We have worked with local churches to bring the community together. We have signed a land lease agreement, backed by a memorandum of understanding that places on us a responsibility to develop sustainably. In addition, we have operated a health outreach programme, providing medical services to those with greatest need. These agreements have provided an important step forward in maximising the benefits from Otakikpo for all stakeholders over the life of the field.
OPL 310
The Project
Our appraisal (and exploration) project on OPL 310 (Lekoil Nigeria: 40 per cent. participating and 70 per cent. economic interest) is centred on the world class Ogo discovery. In 2013, using monies raised in our IPO on AIM, LEKOIL invested $50m in drilling an appraisal well and sidetrack targeting Eko, Agege and the Syn-rift prospects. The result was a very significant discovery.
Reserves
Based on data from the vertical and side track wells, revised estimates for the P50 gross recoverable resources attributable to Lekoil Nigeria from the Ogo field were identified as being 232 mmboe (P50) from gross recoverable resources of 774 mmboe. This far exceeds the expected pre-drill estimate of 202 mmboe.
Progress
We are awaiting Ministerial consent from the Department of Petroleum Resources, which we expect to receive shortly. Based on the completed interpretation of the 3D seismic acquired last year, the Company is studying options for the next phase of appraisal and exploration on the block and discussing with partners Optimum the commercial arrangements for these.
Exploration assets
OPL325
LEKOIL holds a 62 per cent indirect equity interest in this exciting block, on trend to the Ogo discovery in OPL 310.
We have commenced steps to execute a production sharing contract with the NNPC and look forward to the next phase of development.
Namibia
Lekoil Namibia, a majority-owned subsidiary of Lekoil, has been granted a one-year extension on its exploration licence for Blocks 2514 A&B in the Luderitz Basin, offshore Namibia by the Ministry of Mines and Energy. There is no incremental capital expenditure beyond the original $2.75 million commitment as a result of this extension and, subject to funding, the Company intends to finish the geological and geophysical work scoped out. Lekoil Namibia has a 77.5 per cent. participating interest and is operator in both blocks.
Financial
During the period under review and in September, LEKOIL completed the arrangement of the debt facilities to enable the completion of the Otakikpo development. The Company now has total debt facilities on Otakikpo of $24.8 million in a two-tranche facility with FBN (now fully drawn) and a 5 billion Naira facility with Sterling Bank plc (approximately $16.4 million) of which 1 billion Naira has been drawn at the time of writing. We have the flexibility to pay a portion of our development costs in Naira, and expect to draw down on the Naira facilities as needed. Both facilities from FBN and Sterling feature no pre-payment penalty clauses.

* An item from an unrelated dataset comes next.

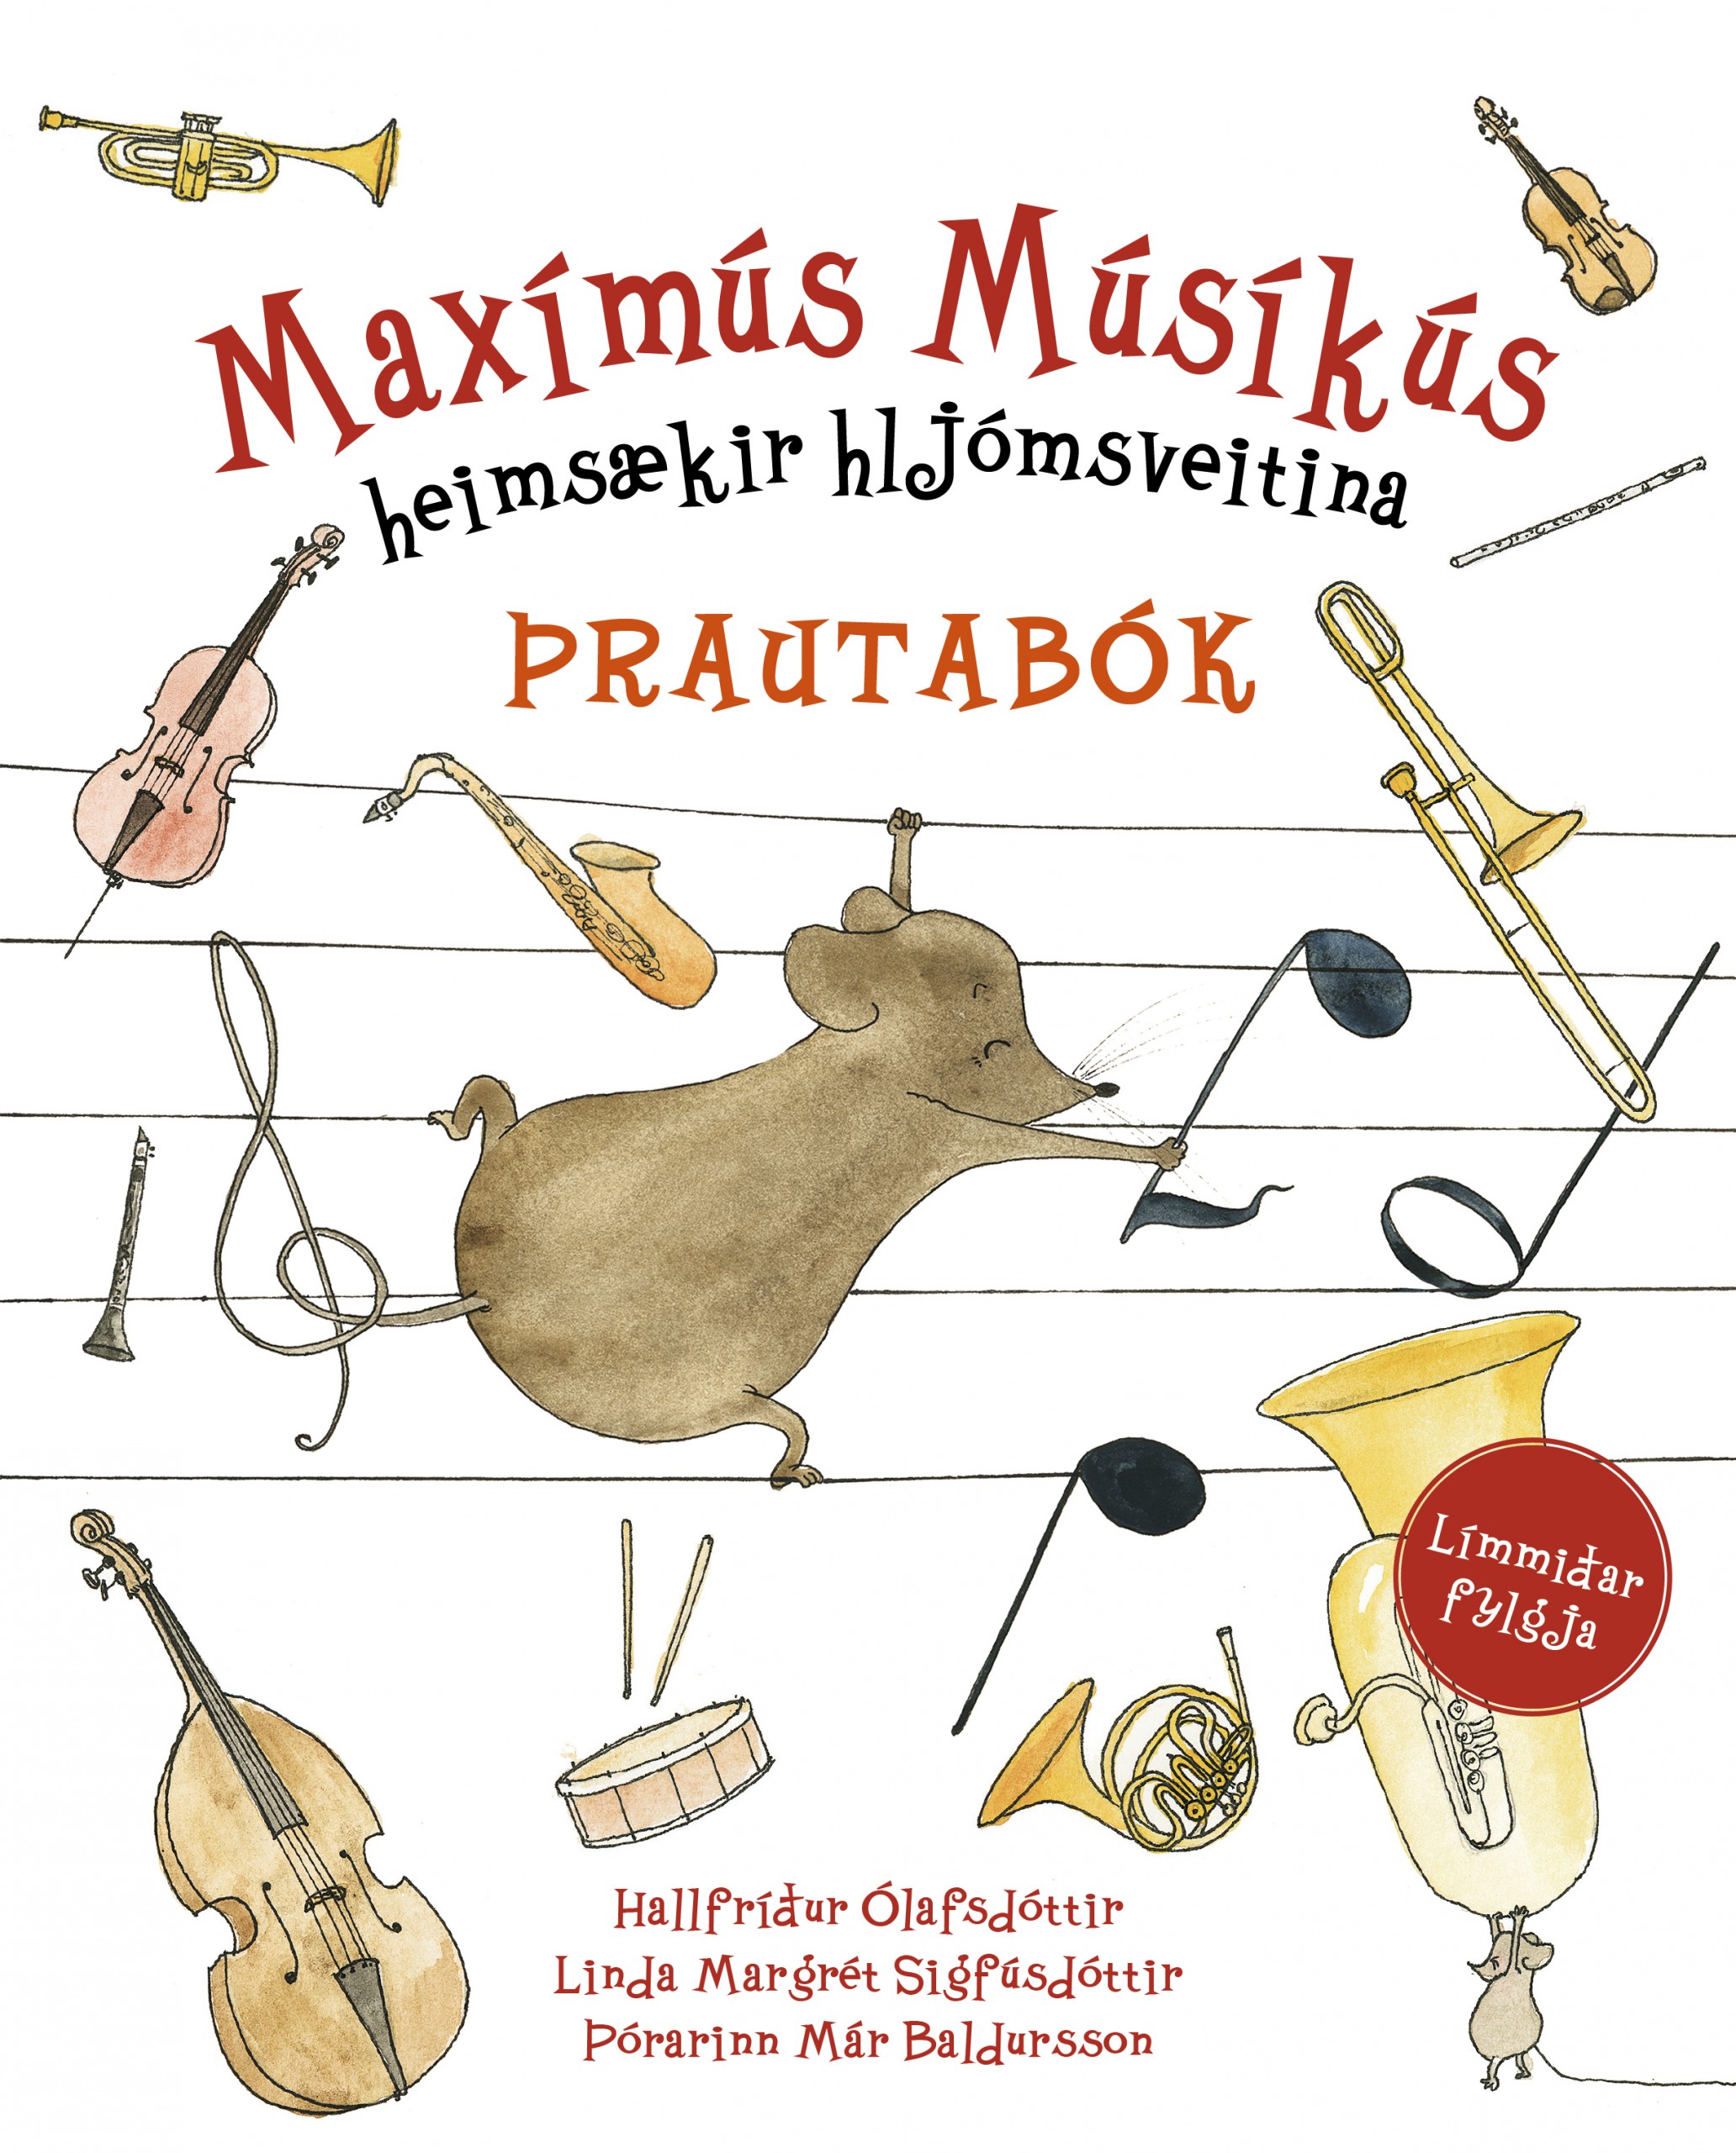 Maximus Musicus Meets the Choir (2014)

In the six months ended 30 June 2016, the Group recorded an operating loss of $10.5 million and ended the period with cash and cash equivalents of $7.6 million.
Outlook
In the current low oil price environment, we have prioritised the allocation of our capital to our production and development assets to generate short-term cash flow and compelling economic returns, focusing on extracting value from the 'stability' zone of our portfolio. This means limited expenditure on exploration assets but maintained optionality for the future. Our principal focus for the for the next twelve months is on delivering our phase 1 production target for Otakikpo, which we expect to achieve by year end 2016, and continuing to execute our plans for phase 2, which aims to see production reach 20,000 bopd.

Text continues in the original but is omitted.